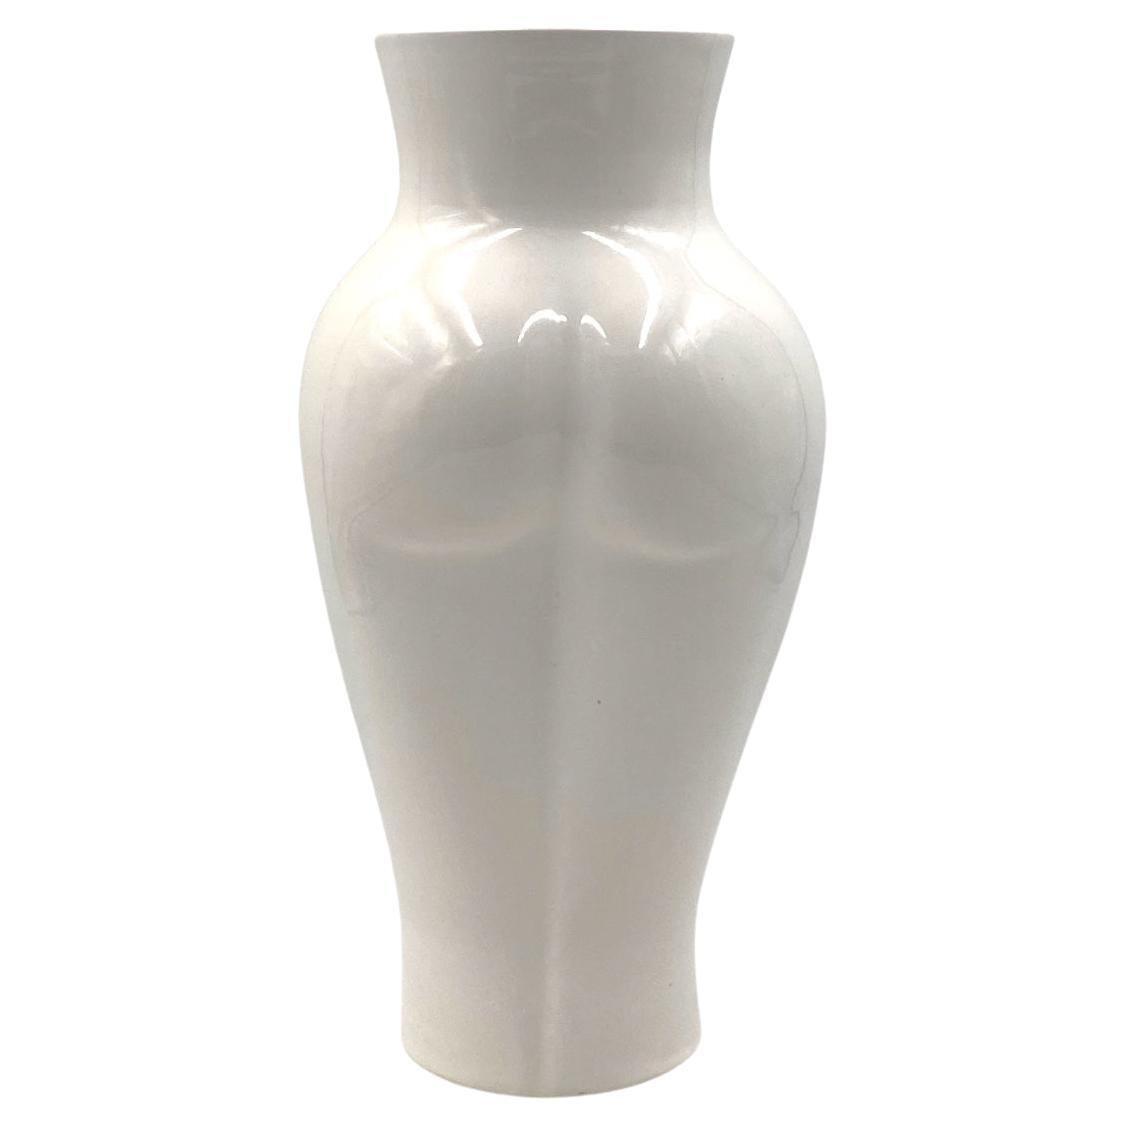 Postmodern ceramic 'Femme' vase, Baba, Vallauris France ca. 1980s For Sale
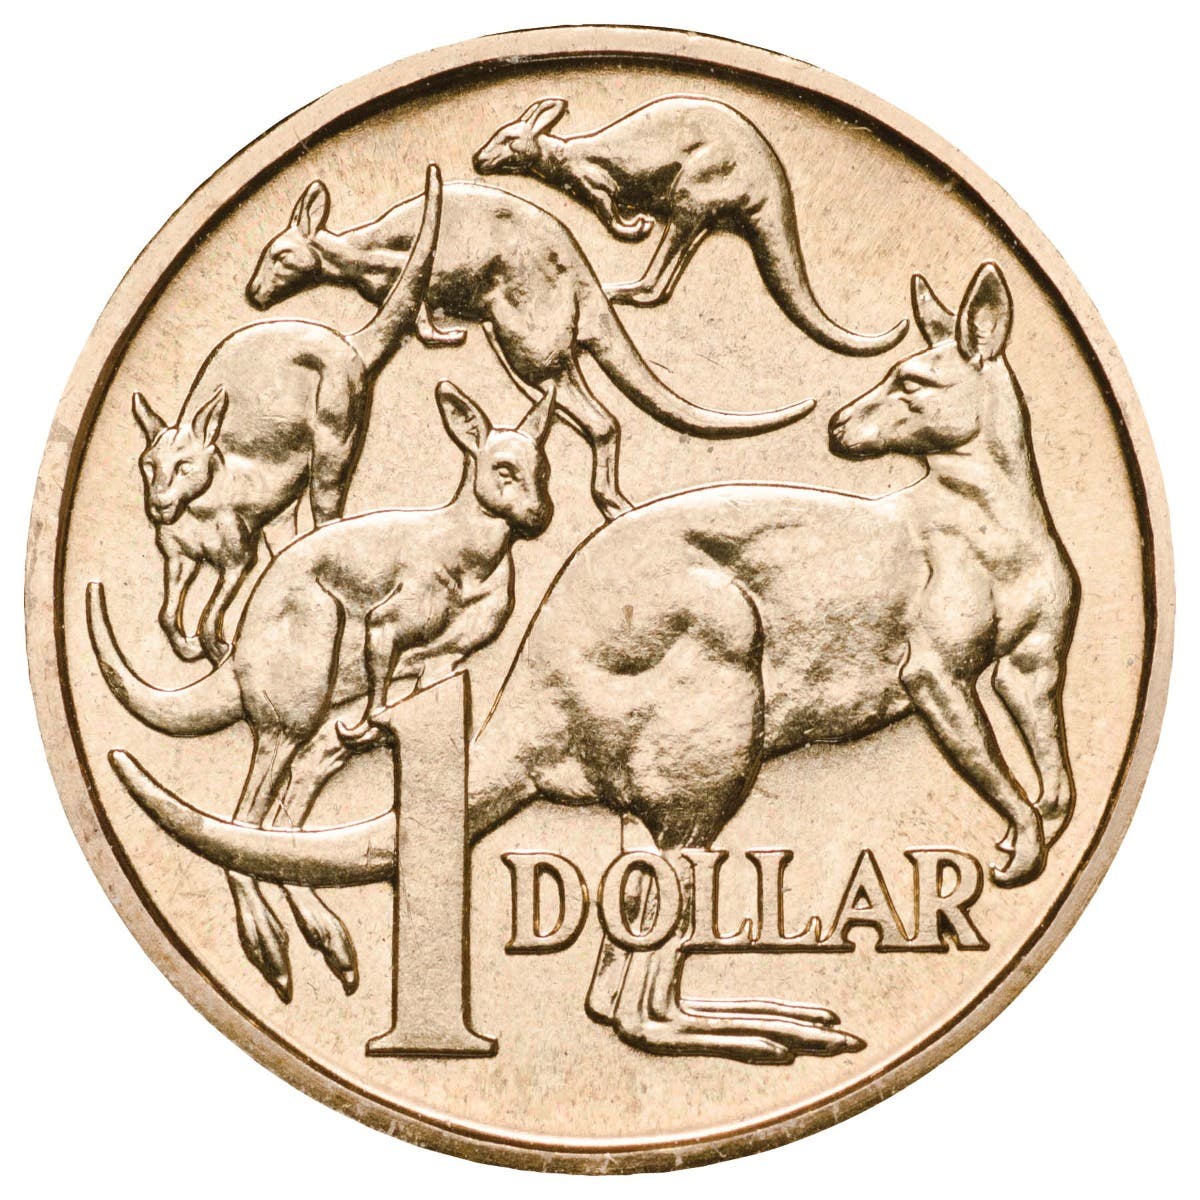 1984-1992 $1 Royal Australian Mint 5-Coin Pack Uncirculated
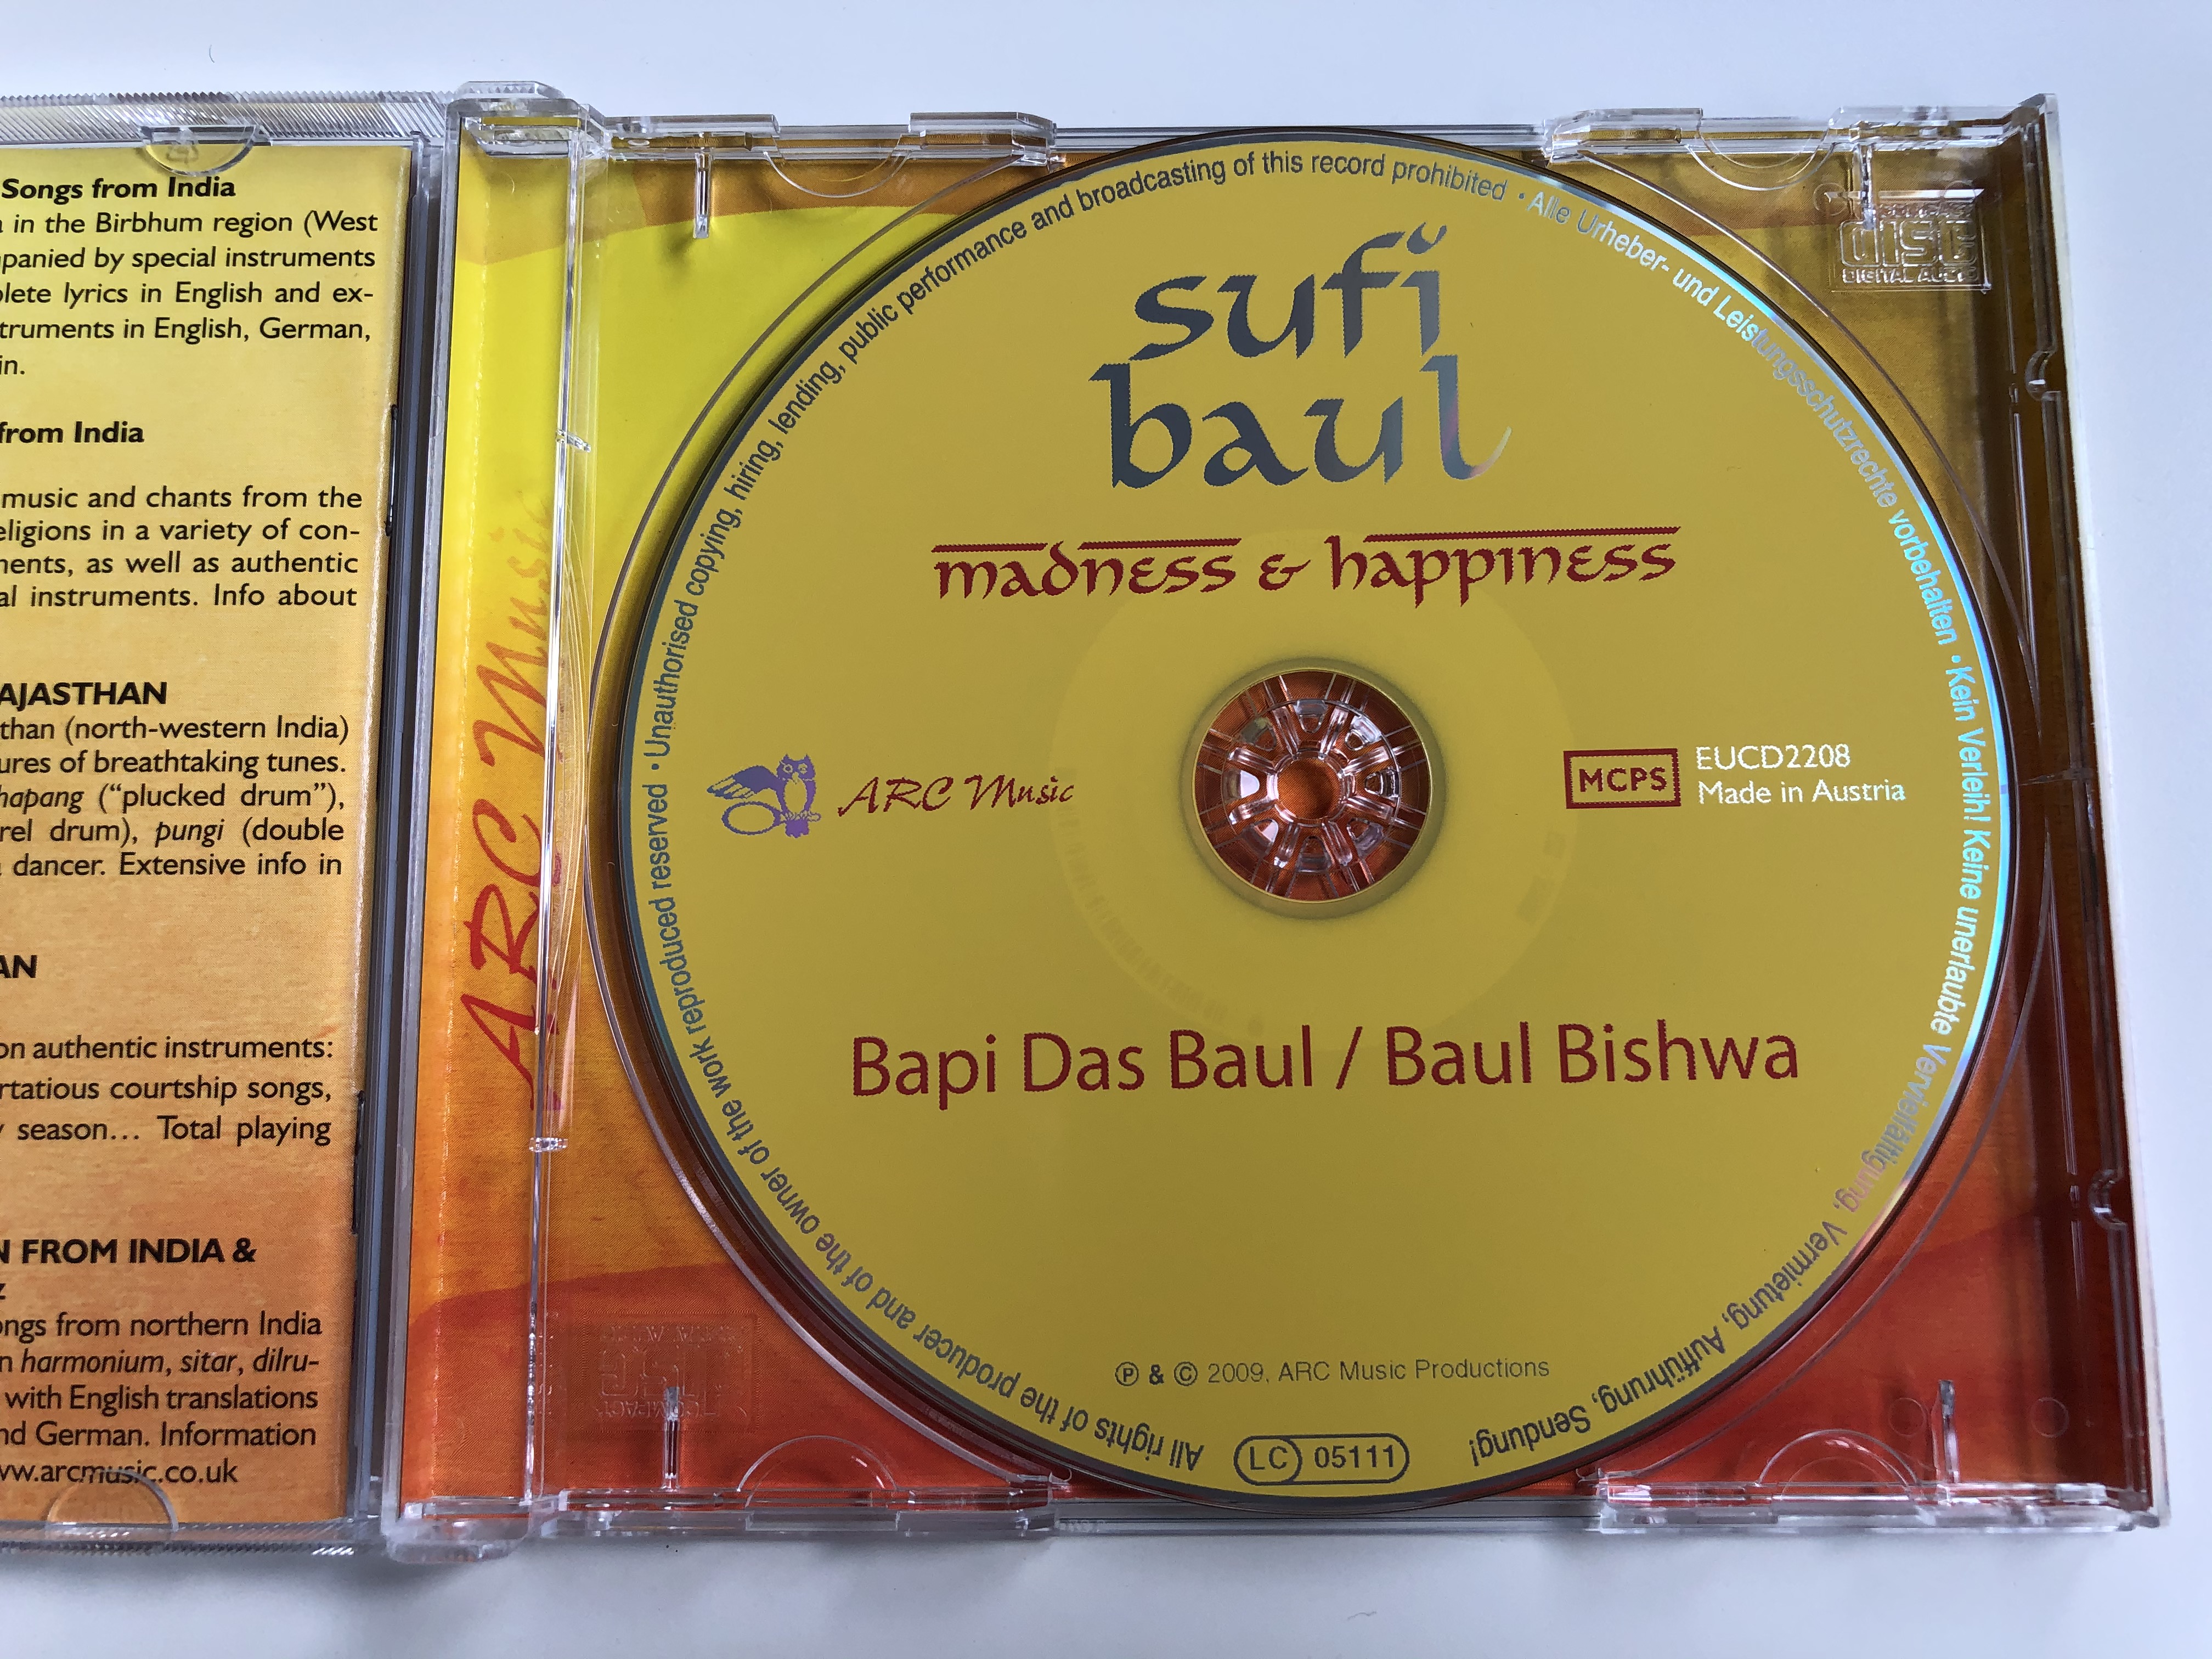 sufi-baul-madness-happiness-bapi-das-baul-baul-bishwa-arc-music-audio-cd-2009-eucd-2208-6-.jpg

• [Assignment]
Your task is to repeat the listing exactly while omitting its pictures.

• [Answer section]
 Postmodern ceramic 'Femme' vase, Baba, Vallauris France ca. 1980s For Sale
 1984-1992 $1 Royal Australian Mint 5-Coin Pack Uncirculated
 sufi-baul-madness-happiness-bapi-das-baul-baul-bishwa-arc-music-audio-cd-2009-eucd-2208-6-.jpg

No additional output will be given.